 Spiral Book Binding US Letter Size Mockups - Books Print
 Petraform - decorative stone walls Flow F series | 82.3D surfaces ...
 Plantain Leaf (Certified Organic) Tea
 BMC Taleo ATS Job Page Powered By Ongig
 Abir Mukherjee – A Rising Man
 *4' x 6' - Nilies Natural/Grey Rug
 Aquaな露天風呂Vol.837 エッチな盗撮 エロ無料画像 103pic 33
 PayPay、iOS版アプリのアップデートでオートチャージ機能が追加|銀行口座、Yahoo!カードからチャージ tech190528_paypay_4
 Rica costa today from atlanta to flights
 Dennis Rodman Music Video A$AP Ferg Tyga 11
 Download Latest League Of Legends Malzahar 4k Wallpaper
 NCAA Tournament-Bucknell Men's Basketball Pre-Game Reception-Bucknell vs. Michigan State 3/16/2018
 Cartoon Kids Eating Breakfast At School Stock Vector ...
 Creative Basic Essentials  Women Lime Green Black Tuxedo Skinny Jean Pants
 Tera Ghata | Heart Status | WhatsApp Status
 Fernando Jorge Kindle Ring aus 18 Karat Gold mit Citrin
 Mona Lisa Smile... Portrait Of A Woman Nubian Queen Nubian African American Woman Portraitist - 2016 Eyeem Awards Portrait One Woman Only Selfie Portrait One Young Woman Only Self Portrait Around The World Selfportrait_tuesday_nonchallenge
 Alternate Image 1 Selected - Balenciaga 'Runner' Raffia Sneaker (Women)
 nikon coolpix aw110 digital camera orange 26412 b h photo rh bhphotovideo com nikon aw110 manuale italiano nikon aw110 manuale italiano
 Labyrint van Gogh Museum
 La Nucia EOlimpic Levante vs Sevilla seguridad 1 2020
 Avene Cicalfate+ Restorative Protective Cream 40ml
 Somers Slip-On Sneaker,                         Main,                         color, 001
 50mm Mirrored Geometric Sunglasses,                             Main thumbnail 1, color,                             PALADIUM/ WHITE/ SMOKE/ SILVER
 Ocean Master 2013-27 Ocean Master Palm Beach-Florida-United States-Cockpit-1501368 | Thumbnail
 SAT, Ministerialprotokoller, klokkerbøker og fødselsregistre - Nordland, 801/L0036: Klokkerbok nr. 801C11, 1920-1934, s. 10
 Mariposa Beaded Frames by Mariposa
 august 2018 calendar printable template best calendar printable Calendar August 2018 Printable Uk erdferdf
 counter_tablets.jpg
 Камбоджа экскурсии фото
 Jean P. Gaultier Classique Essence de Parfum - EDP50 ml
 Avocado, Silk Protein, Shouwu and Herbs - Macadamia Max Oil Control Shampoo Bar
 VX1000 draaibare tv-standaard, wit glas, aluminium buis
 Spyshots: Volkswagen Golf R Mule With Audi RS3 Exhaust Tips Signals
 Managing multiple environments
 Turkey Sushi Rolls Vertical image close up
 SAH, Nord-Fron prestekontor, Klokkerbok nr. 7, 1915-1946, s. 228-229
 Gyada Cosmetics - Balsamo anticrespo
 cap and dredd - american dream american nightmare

___

■ TASK TO COMPLETE ■
Write out an exact transcription of the line with "La Nucia EOlimpic" and of each line after it; stop at the end of the records.

■ SOLUTION TO THIS EXERCISE ■
 La Nucia EOlimpic Levante vs Sevilla seguridad 1 2020
 Avene Cicalfate+ Restorative Protective Cream 40ml
 Somers Slip-On Sneaker,                         Main,                         color, 001
 50mm Mirrored Geometric Sunglasses,                             Main thumbnail 1, color,                             PALADIUM/ WHITE/ SMOKE/ SILVER
 Ocean Master 2013-27 Ocean Master Palm Beach-Florida-United States-Cockpit-1501368 | Thumbnail
 SAT, Ministerialprotokoller, klokkerbøker og fødselsregistre - Nordland, 801/L0036: Klokkerbok nr. 801C11, 1920-1934, s. 10
 Mariposa Beaded Frames by Mariposa
 august 2018 calendar printable template best calendar printable Calendar August 2018 Printable Uk erdferdf
 counter_tablets.jpg
 Камбоджа экскурсии фото
 Jean P. Gaultier Classique Essence de Parfum - EDP50 ml
 Avocado, Silk Protein, Shouwu and Herbs - Macadamia Max Oil Control Shampoo Bar
 VX1000 draaibare tv-standaard, wit glas, aluminium buis
 Spyshots: Volkswagen Golf R Mule With Audi RS3 Exhaust Tips Signals
 Managing multiple environments
 Turkey Sushi Rolls Vertical image close up
 SAH, Nord-Fron prestekontor, Klokkerbok nr. 7, 1915-1946, s. 228-229
 Gyada Cosmetics - Balsamo anticrespo
 cap and dredd - american dream american nightmare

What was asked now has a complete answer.